But I think Tim O'Brien's book is more than a sober call for us to be reflective about national and world issues. It is also a more personal call for us to be reflective about our lives - to consider what we are made of, or in his words, what we carry. In O'Brien's Vietnam, he wrote about what the soldiers carried - physical possessions like rations, weaponry, including personal item like photos, books, and letters.

What physical possessions do you carry with you? I helped some of you unload this morning - you carry quite a bit. How do you fit all of that in one room! More seriously, what will you put on your wall, what will you carry in your wallet? How do those possessions help define you?

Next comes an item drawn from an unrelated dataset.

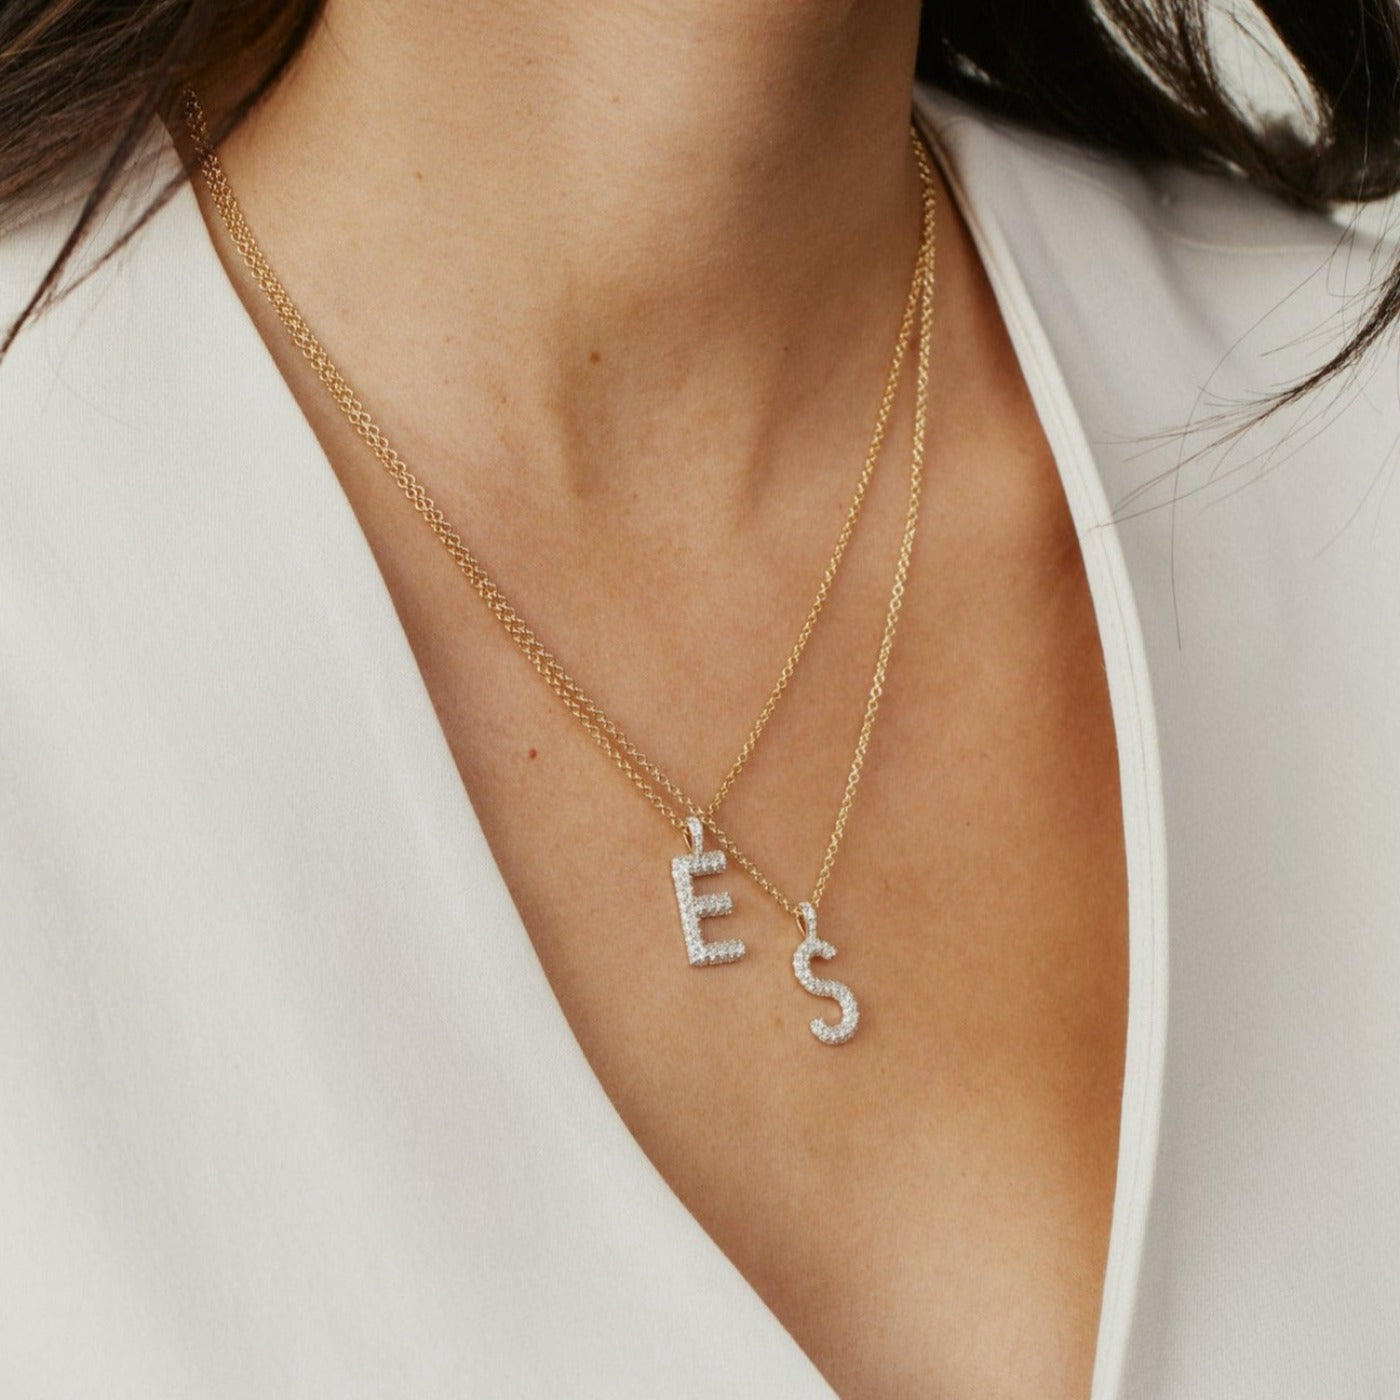 Initial Necklace, Letter V Diamond Pendant with 18k Yellow Gold Chain

O'Brien also wrote about what the men carried inside - those things the men felt they had to do. What are you carrying inside of you? O'Brien talked about the stories the soldiers carried to help make sense of war. What stories do you carry to help make sense of your life?

One of our objectives at the College is to help you make greater sense of your life. We want to help you find your groove in life, or as we would put it, your life's calling. Too many first-year students in college are in too much of a hurry. They are not reflective about this critical question. Too many view college as little more than a ticket to graduate school or a good job. College is a time to ask who you want to be. What type of person do you want to be? What are your talents, passions, values and beliefs? And how can you link those to find your life's call?

In The Things They Carried, O'Brien tells a story of how he struggled with his life's calling. It was the story of fishing on Rainy River with Elroy Berdahl. The river is on the border of the United States and Canada. O'Brien, of course, was considering whether to flee to Canada to avoid service in Vietnam or report for duty in the military. He was almost paralyzed with indecision. He could hear his parents, his brother and sister, townsfolk, old teacher and old girlfriend urging him to do different things - swim to Canada, some said. Others said, don't embarrass your family, come home. O'Brien was paralyzed. In the end, Elroy Berdahl pronounced that the fish weren't biting and returned the boat to Minnesota. When Elroy turned the boat with O'Brien in it, O'Brien took the path of least resistance and returned home.

We will all have moments like that. Moments when we need to make a major decision. Perhaps the decision has to do with whom to marry, what career to pick, whether to make a major move, whether to quit a job. These are moments when those on the sidelines give us conflicting advice. Moments when we need to decide whether to make a bold move or take the path of least resistance.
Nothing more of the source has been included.